The unique and critical role of rum in the Caribbean region -- and the importance of maintaining preferences for low-value rum -- was most recently affirmed in a landmark 1997 understanding between the United States and the European Union. In WTO tariff negotiations in 1996, U.S. and EU negotiators had initially agreed to phase out all tariffs on rum and other "white spirits" by 2000. This unexpected development was met with alarm by Caribbean governments, Administration officials and Members of Congress. They emphasized to the trade negotiators that such a drastic change in the tariff structure for rum would deal a severe blow to the economies of the USVI, Puerto Rico, and the Caribbean.
In response to this outcry, U.S. and EU negotiators, as well as Caribbean governments and producers, revisited rum tariffs in complex and delicate discussions aimed at addressing the special role of rum in the Caribbean region.
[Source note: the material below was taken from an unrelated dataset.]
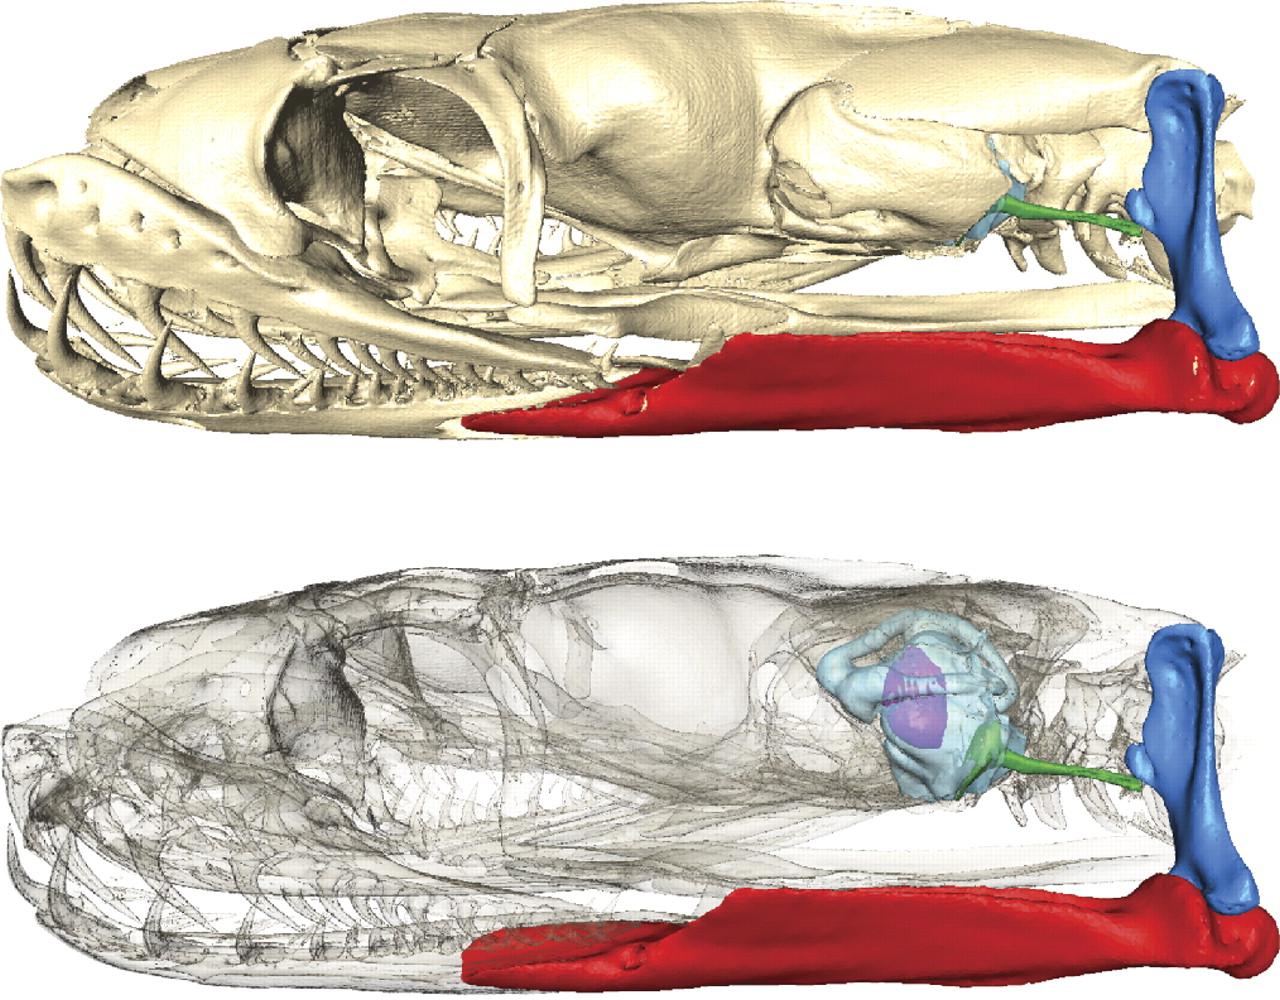 jaw bone of snake.jpg

These discussions, which involved officials at the highest levels of the various governments, resulted in a carefully constructed compromise for rum. Under this compromise, the United States agreed to substantially liberalize duties on expensive rum. However, to protect the interests of the USVI and other Caribbean island producers, the United States also agreed to maintain existing MFN duties on low-value bottled and bulk rum.
This 1997 agreement on rum forms the basis for current U.S. tariff preferences on rum. In this landmark agreement, the United States and key trading partners struck a careful balance between tariff liberalization and the unique concerns of the Caribbean region. Any efforts to eliminate current tariff preferences for rum in the context of ATPA renewal or FTAA negotiations will upset this careful balance and will result in serious damage to the Caribbean region.
In 1991, this Committee wisely decided to exclude rum from duty-free treatment under the ATPA. This decision reflected a longstanding concern by the United States that trade preferences for rum are vitally important to economies of the Virgin Islands, Puerto Rico and the island nations of the Caribbean. The wisdom of this decision has been confirmed by developments since 1991. In particular, the 1997 agreement on rum between the United States and the EU reflects the understanding that tariff liberalization for rum must be tempered with an appreciation for the special role that rum -- particularly low-value rum -- plays in the Caribbean region. For these and other reasons, Congress must assure the current, carefully considered tariff preferences for rum are not disturbed by the ATPA or by other regional trade arrangements.
Mr. Wechsler and I would be pleased to answer any questions.